Lundi, 11.03.2024

Aux fourneaux du Cirque Knie

Depuis 38 ans, le chef cuisinier Noureddine Oulouda sillonne les routes du pays avec le Cirque Knie. Le Marocain veille à ce que les estomacs des artistes et des équipes ne crient jamais famine.

Noureddine Oulouda, ce midi, que préparez-vous pour les artistes du Cirque Knie?

Du cou de porc fumé accompagné de lard, de choucroute et de pommes de terre, et du poulet grillé avec du risotto, entre autres choses. Il y aura peut-être aussi un potage au chou-fleur.

 

Deux menus très différents donc.

Oui, exactement, c’est comme ça tous les jours chez nous. Dix nationalités différentes travaillent au cirque Knie. Les préférences alimentaires comme les prescriptions religieuses touchant à l’alimentation varient d’un pays à l’autre. Et je dois composer avec tout ça.

 

La famille Knie mange-t-elle également au cirque?

Naturellement!

 

Pouvez-vous nous dire quel est le plat préféré de Géraldine Knie, la directrice artistique?

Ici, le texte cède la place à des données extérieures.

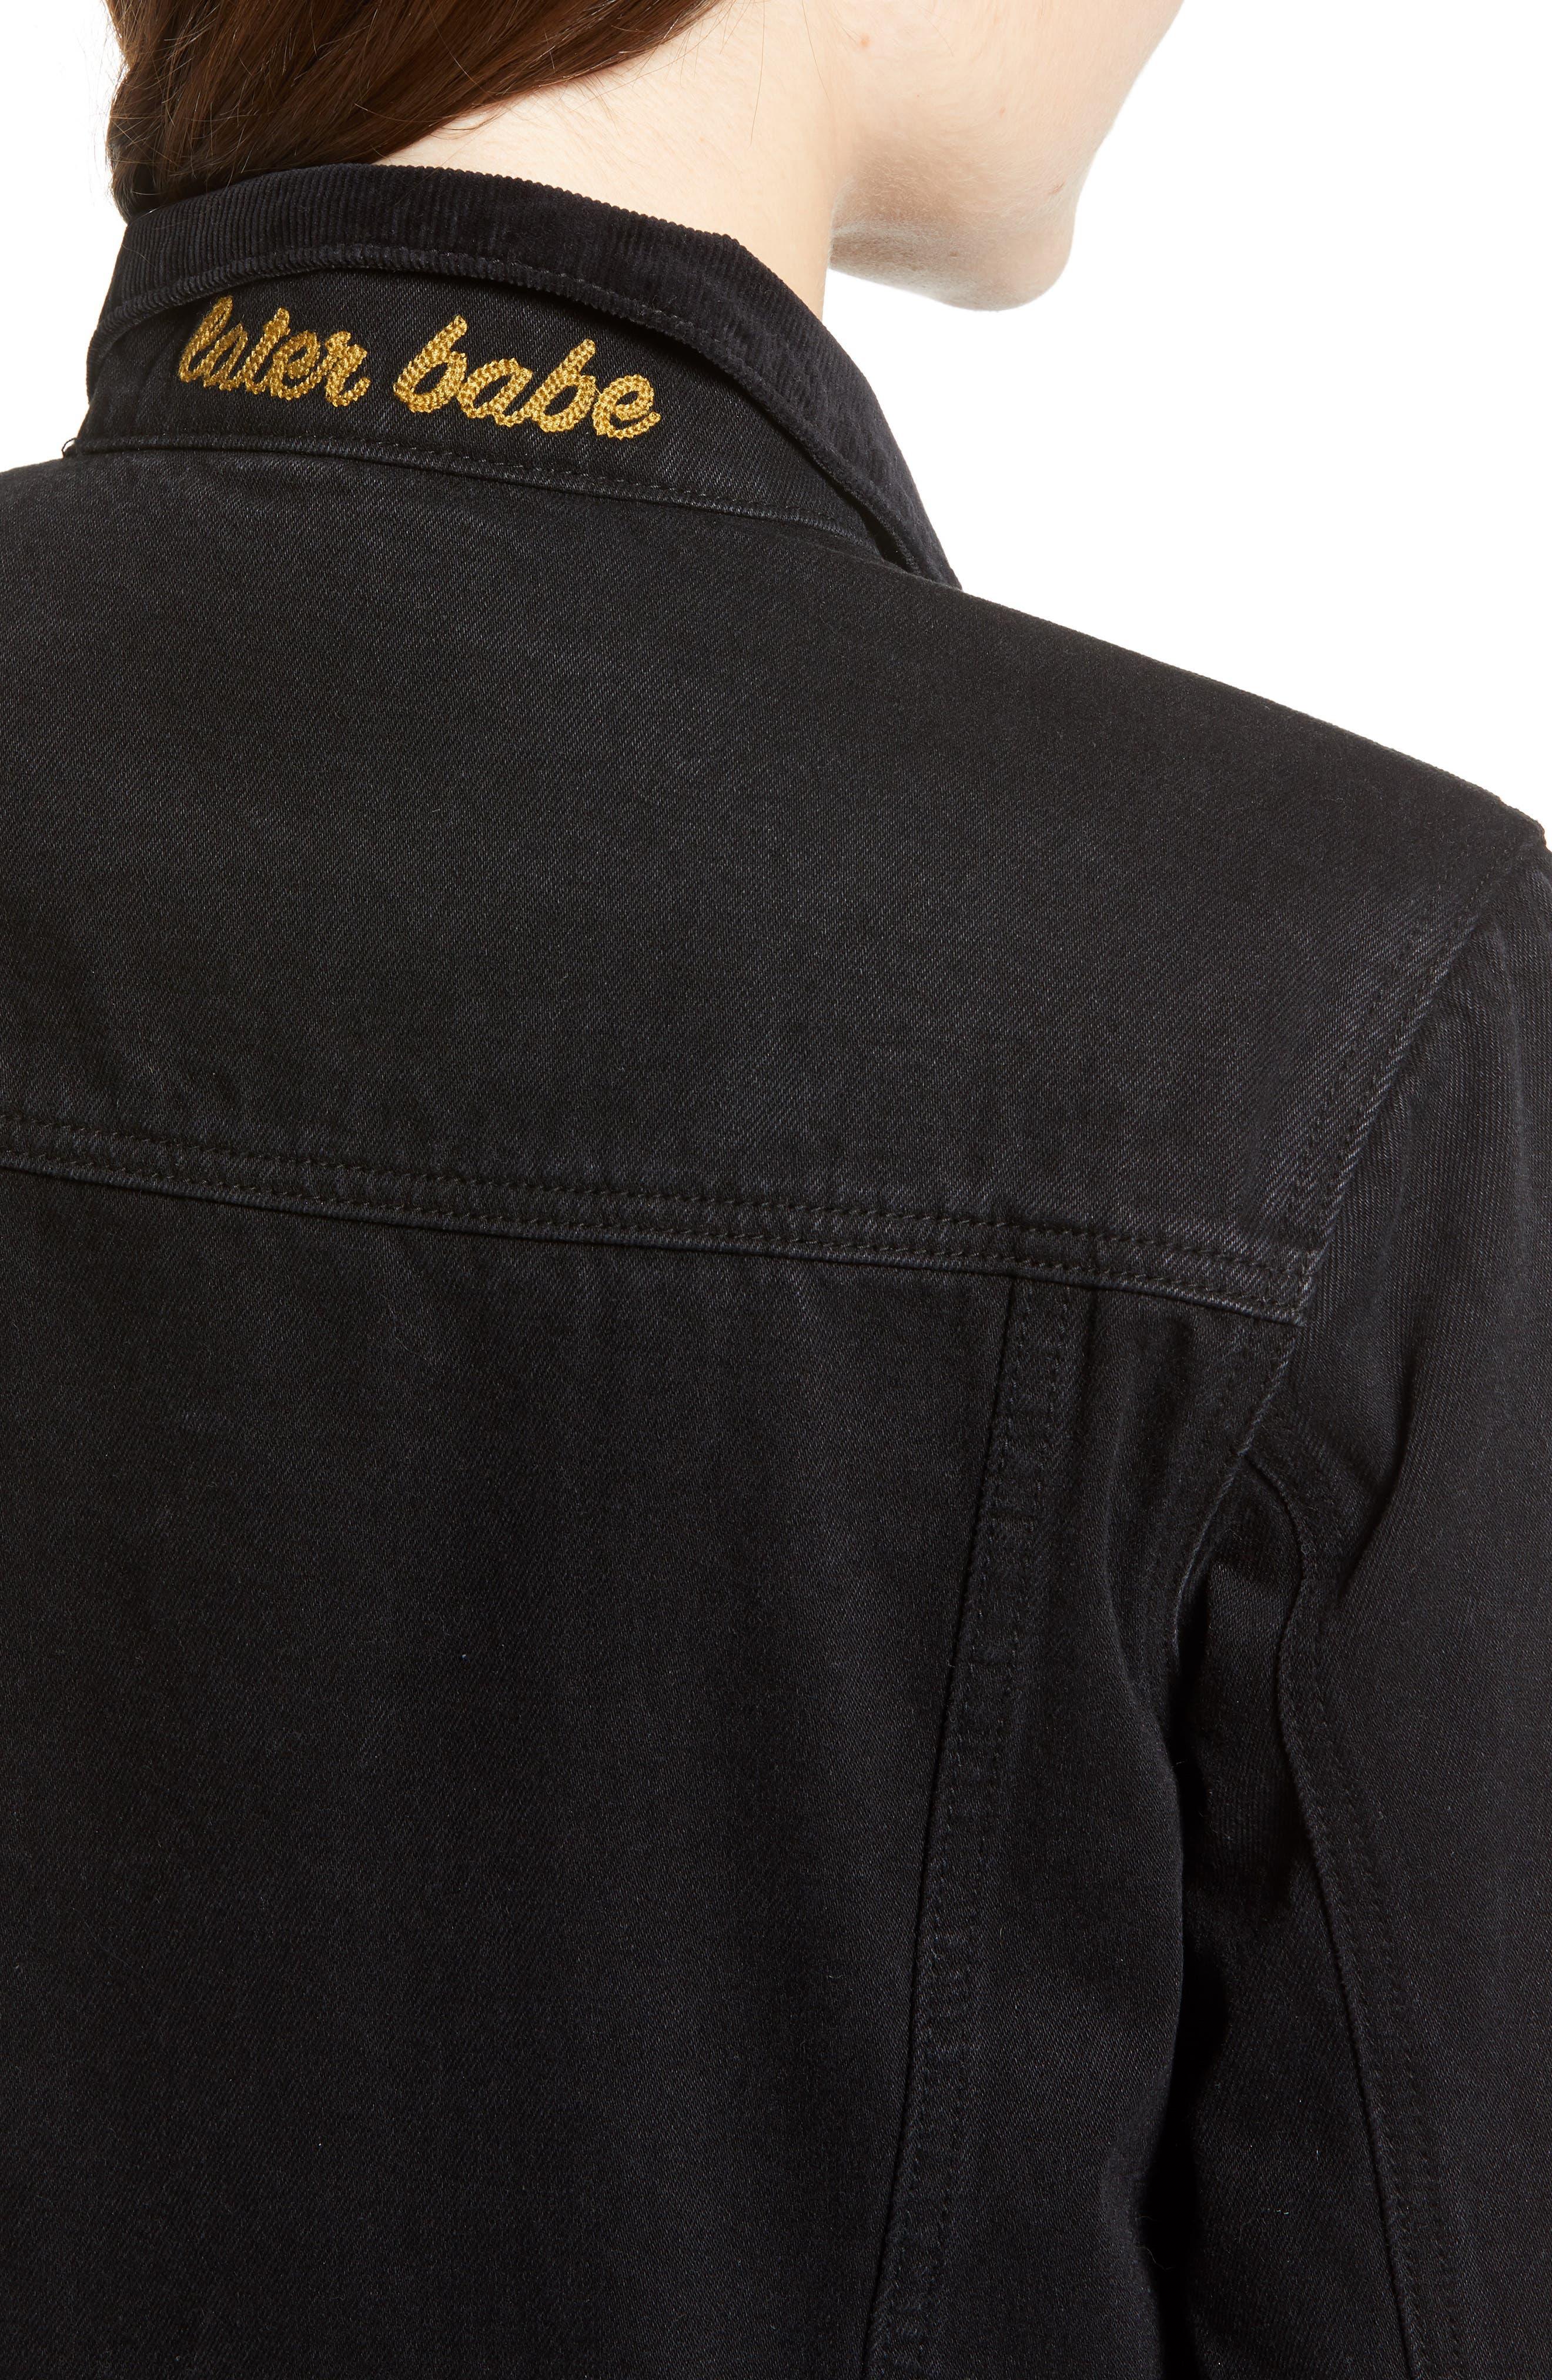 Polara Denim Jacket,                             Alternate thumbnail 4, color,                             WASHED BLACK

Elle adore mon cordon-bleu au poulet. Elle aime aussi beaucoup le couscous, les calamars et la paella.

 

Y a-t-il un plat qui fait l’unanimité?

Les escalopes avec frites et légumes: ça part comme des petits pains.

 

Combien de repas préparez-vous par jour?

Avant, je cuisinais trois fois par jour: pour le petit-déjeuner, le déjeuner et le dîner. Aujourd’hui, je ne m’occupe plus que du déjeuner. Je réalise 120 assiettes par jour. Le soir, je travaille au buffet près du chapiteau; j’y prépare des saucisses grillées et des hamburgers.

 

Y a-t-il beaucoup de demandes spéciales pour le déjeuner?

Chez nous, tout le monde mange de tout. Nous avons eu un végétarien l’année dernière, le chanteur Bastian Baker. Mais ça a été une exception.

 

«Les artistes ont tendance à manger plus léger»

 

Un artiste mange-t-il la même chose qu’une palefrenière?

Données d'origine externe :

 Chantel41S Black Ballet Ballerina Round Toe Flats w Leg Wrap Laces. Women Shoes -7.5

Les artistes ont tendance à manger plus léger. Ils se tournent davantage vers le riz, les légumes et la soupe. Des aliments qui ne pèsent pas sur l’estomac s’ils doivent s’entraîner ou se produire dans les heures qui suivent.

 

Votre lieu de travail est insolite: la caravane de cuisine mesure onze mètres de longueur. On s’y sent vite à l’étroit. Combien êtes-vous aux fourneaux?

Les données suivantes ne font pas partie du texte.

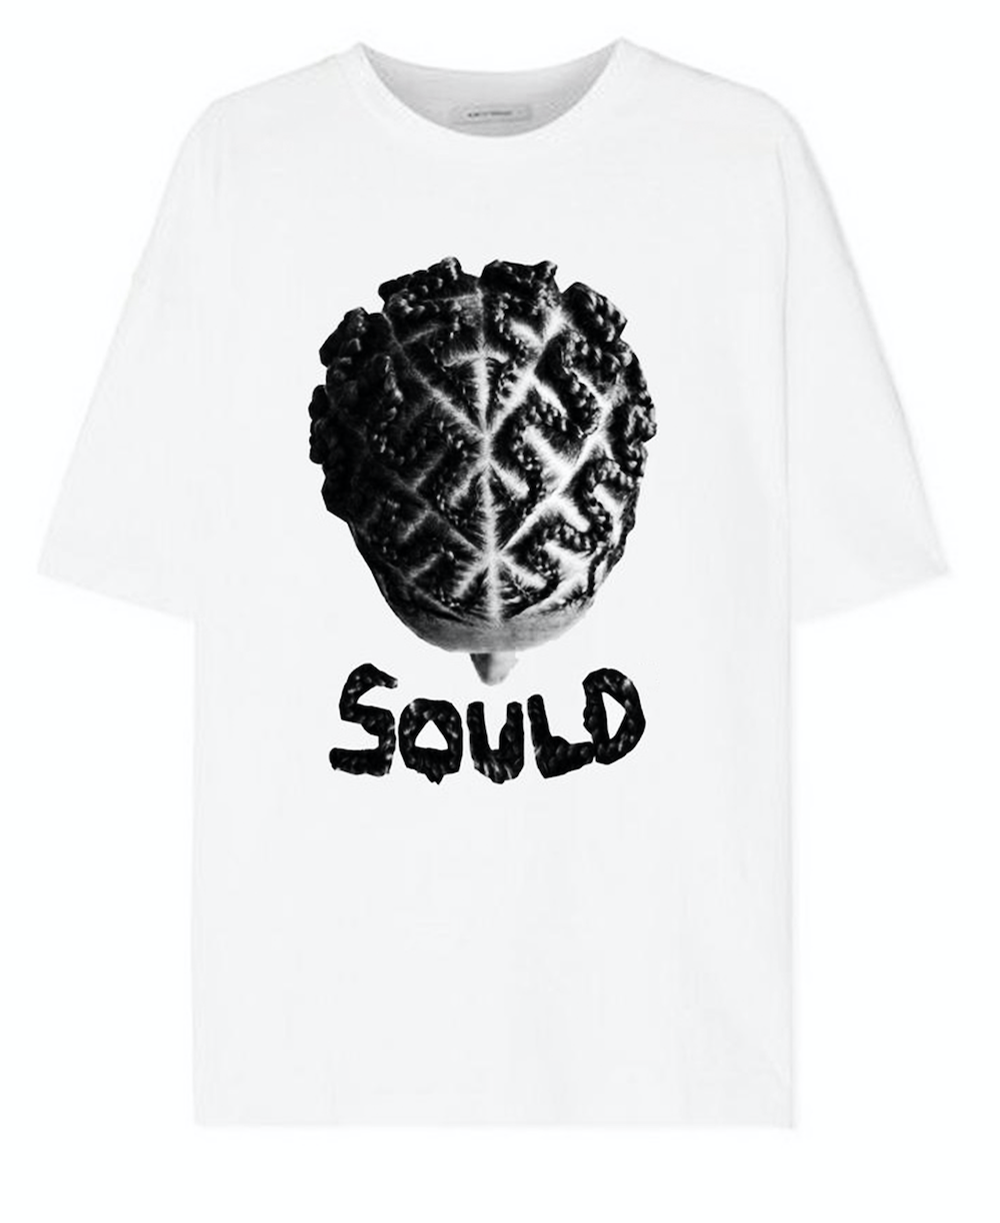 Image of Soul'd Dreams 'Protective' T-shirt

Nous sommes quatre, deux Marocains et deux Polonais; nous travaillons ensemble depuis plus de 20 ans. La cuisine, âgée de 30 ans, n’est certes pas immense, mais il y a tout ce qu’il nous faut.

 

Il n’y a pas de barrières linguistiques?

Ici, au cirque, nous parlons notre propre langue, qu’on appelle le «dialecte du cirque». C’est un mélange de toutes les langues parlées ici. Tous les nouveaux arrivants se comprennent ainsi d’une manière ou d’une autre.

 

Comment vous êtes-vous retrouvé au cirque?

J’ai d’abord suivi une formation de trois ans à l’école hôtelière au Maroc, avant de venir en Suisse où j’ai travaillé dans un hôtel à Pontresina, dans les Grisons, pendant deux ans. J’ai ensuite passé deux ans en Arabie saoudite, avant de me retrouver à 27 ans au Cirque Knie. Mon frère y travaillait déjà comme palefrenier et m’a dit que le cirque cherchait un cuisinier pour les artistes et les employés.

 

Vos jumeaux et votre femme vivent à Zurich, dans le quartier d’Oerlikon. Est-ce difficile d’être constamment sur les routes?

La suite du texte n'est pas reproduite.